Gain an overview of the latest developments on the currency market and anticipate fluctuation risks.
High: 1.1075 / Low: 1.0805 / Change: -2.5%
To understand what happened on currencies in February, simply look at the movements of the dollar index, which measures the value of the US dollar against a basket of major currencies. The dollar index has increased steadily and is nearing 100. Risk aversion related to the Chinese coronavirus has prompted the market to short the dollar and move away from currencies considered to be at risk, such as the euro. Over February, the euro has lost almost 2.50% and nearly 3.60% year to date. This decline in the euro, which is bound to continue, is due to two factors: the political uncertainty surrounding Chancellor Merkel’s succession and, above all, expectations that Europe will be severely affected by the economic consequences of the coronavirus and the slowdown in China. The downward movement of the euro is undeniably excessive, but at this stage, there is no hope of a rebound on the horizon. As long as economic uncertainty persists in connection with the global epidemic, the dollar will remain the most sought-after currency on the FX market.
High: 0.8536 / Low: 0.8333 / Change: -1.5%
The euro has also experienced a series of misfortunes in recent weeks against the pound sterling with a monthly decline of around 1.50%. The UK’s good indicators for January, in contrast with indicators in Germany that continue to be worrisome, as well as the renewed visibility of Brexit, contributed to a rise in the British currency. The next true test for the pound sterling will be on 11 March with the presentation of the budget by the new Chancellor of the Exchequer. The market expects a stimulus budget, particularly for infrastructure, which could further boost the UK economy during this transition period. Given the UK’s recent figures, we do not expect the Bank of England to cut interest rates in the near future.
High: 121.35 / Low: 119.03 / Change: -0.8%
In January, the euro had already lost 1.5% against the Japanese yen. The single currency’s losses worsened in February with a decline of around 0.8%. The yen benefited fully from its safe-haven status during this period of uncertainty despite mainland Japan’s economic setbacks. The latest figures show that the VAT hike decided last autumn depressed economic activity, raising fears of a recession in 2020. However, as we know, Japan’s figures generally have little effect on the exchange rate of the yen. The change in risk perception is paramount for this currency. As things stand, no one can deny that the FX market is in risk aversion mode.
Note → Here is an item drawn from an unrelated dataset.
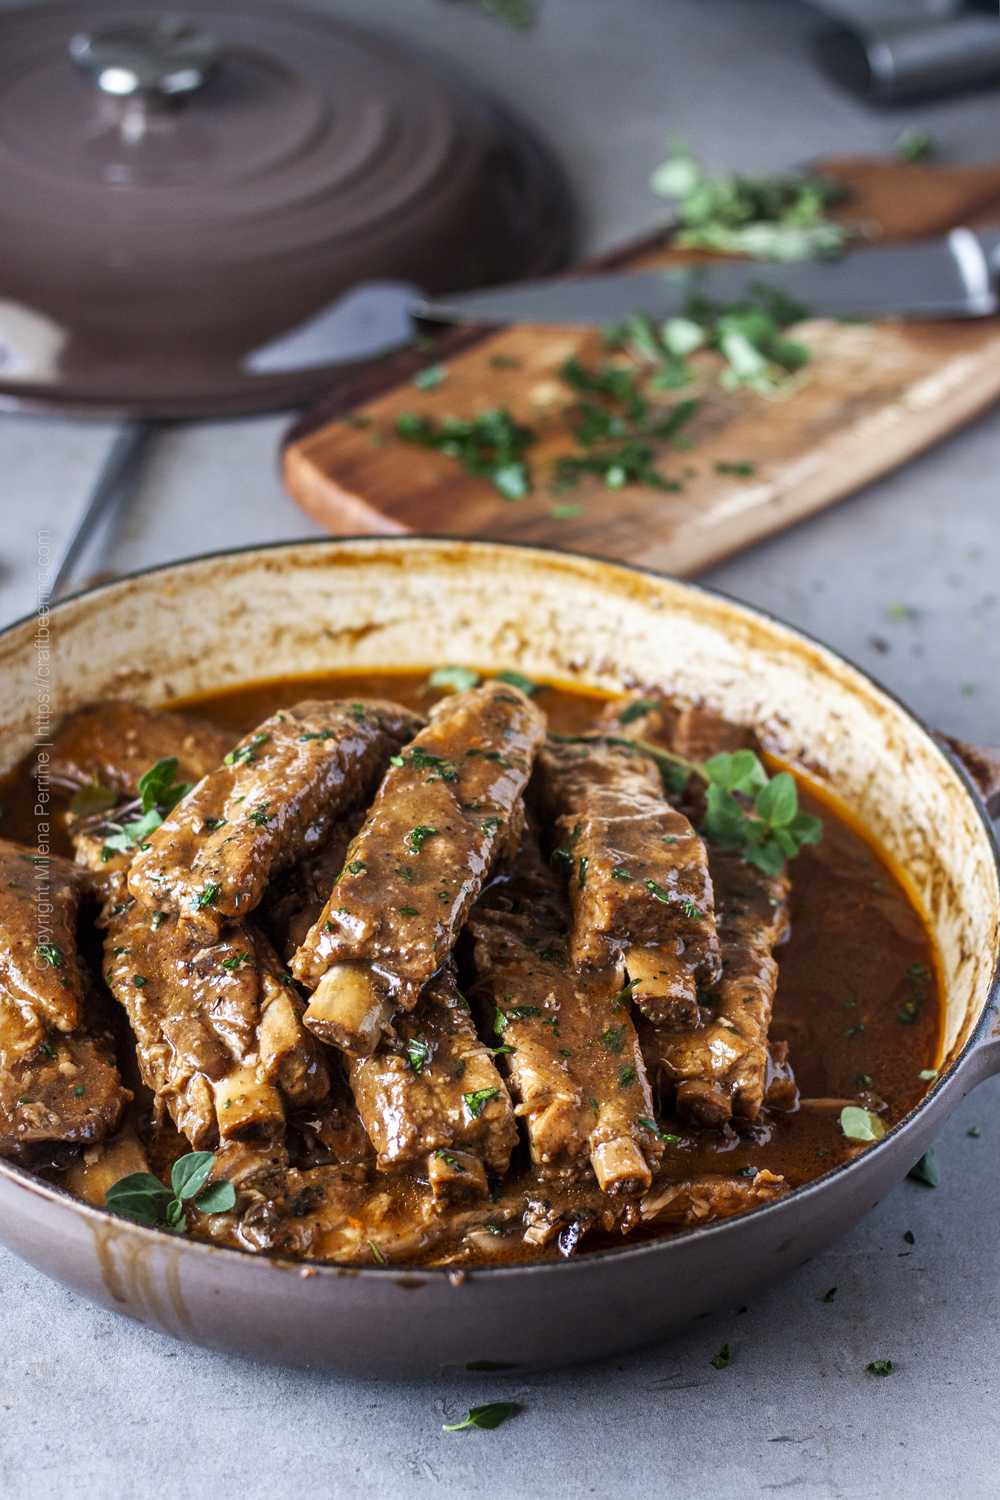 Braised pork spare ribs with beer

High: 1.0727 / Low: 1.0627 / Change: -1.10%
The Swiss National Bank (SNB) has not yet said its last word. Since January, the Bank has stepped up its FX market intervention very sharply, as can be seen from overnight deposits with the SNB, in order to limit the appreciation of the Swiss franc. Over February, however, the euro lost even more ground (-1.10%), but this decline would have been much more massive without the SNB’s intervention. For the time being, EUR/CHF seems to be stabilising around 1.06, but downward pressures could drive it towards 1.05 due to the numerous international risks.
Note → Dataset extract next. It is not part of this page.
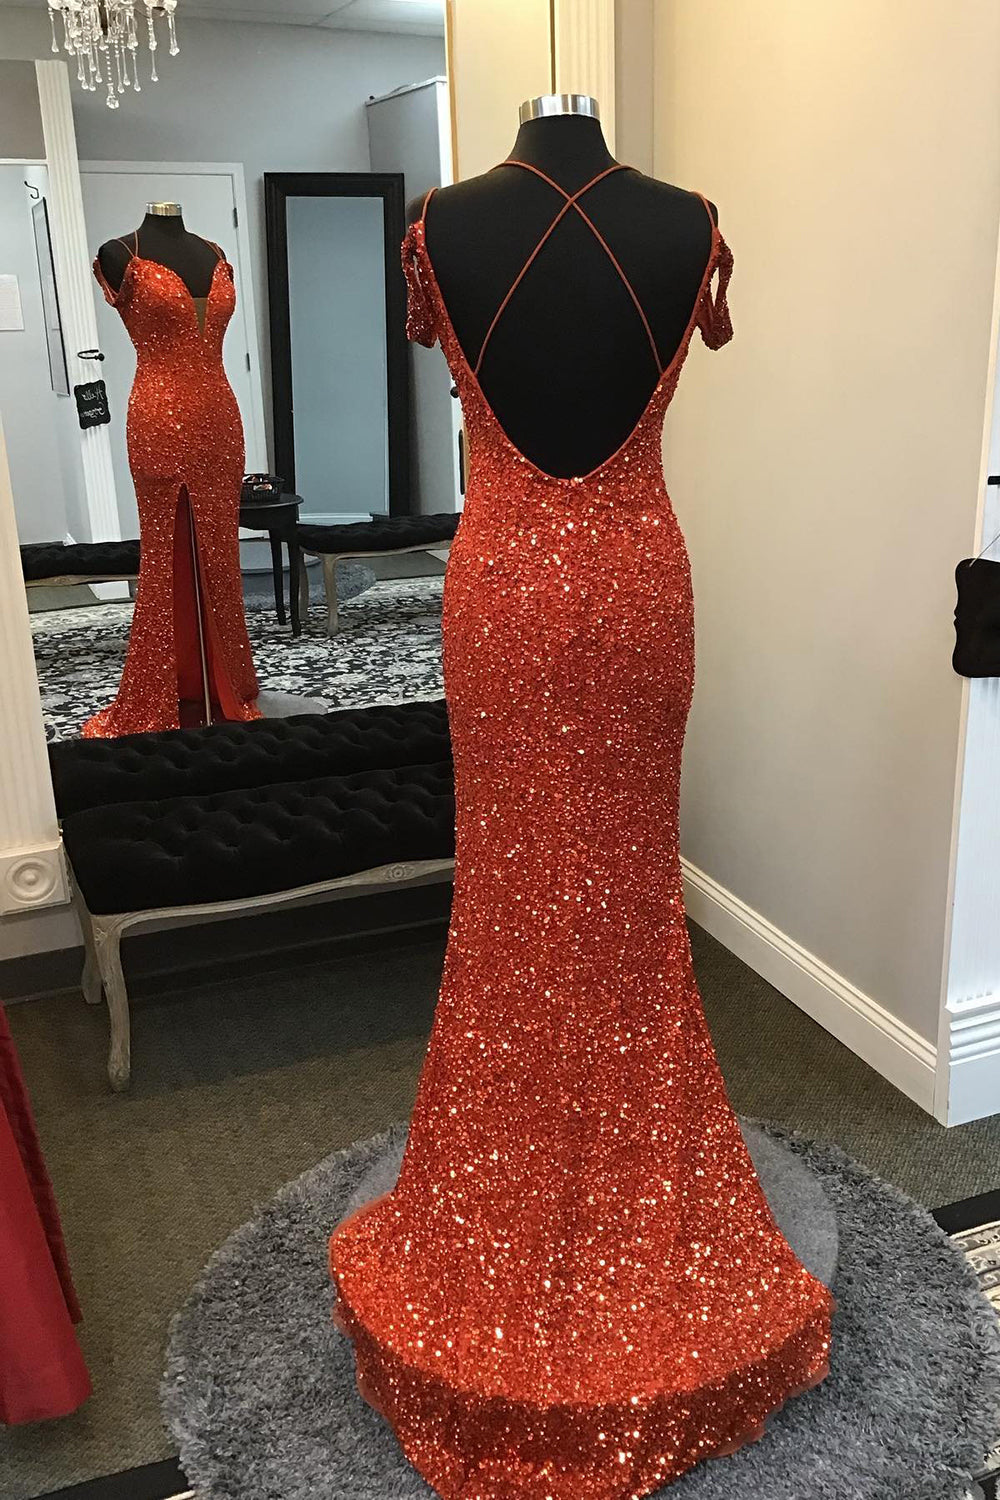 Party Dresses Shop, Orange Sparkly Spaghetti Straps Sequins Long Prom Dress with Slit

High: 1.4714 / Low: 1.4313 / Change: -1.10%
The euro also ended on a negative note against the Canadian dollar in February with a decline of 1.10%. Favourable data from the Canadian labour market as well as inflation remaining contained near the central bank’s target continue to support the DAC in the FX market, as was the case in January. Given Canada’s economic conditions, an interest rate cut by the Bank of Canada, which had been mentioned for some time, seems to be ruled out. We expect the central bank to keep its rate unchanged at its meeting on 4 March.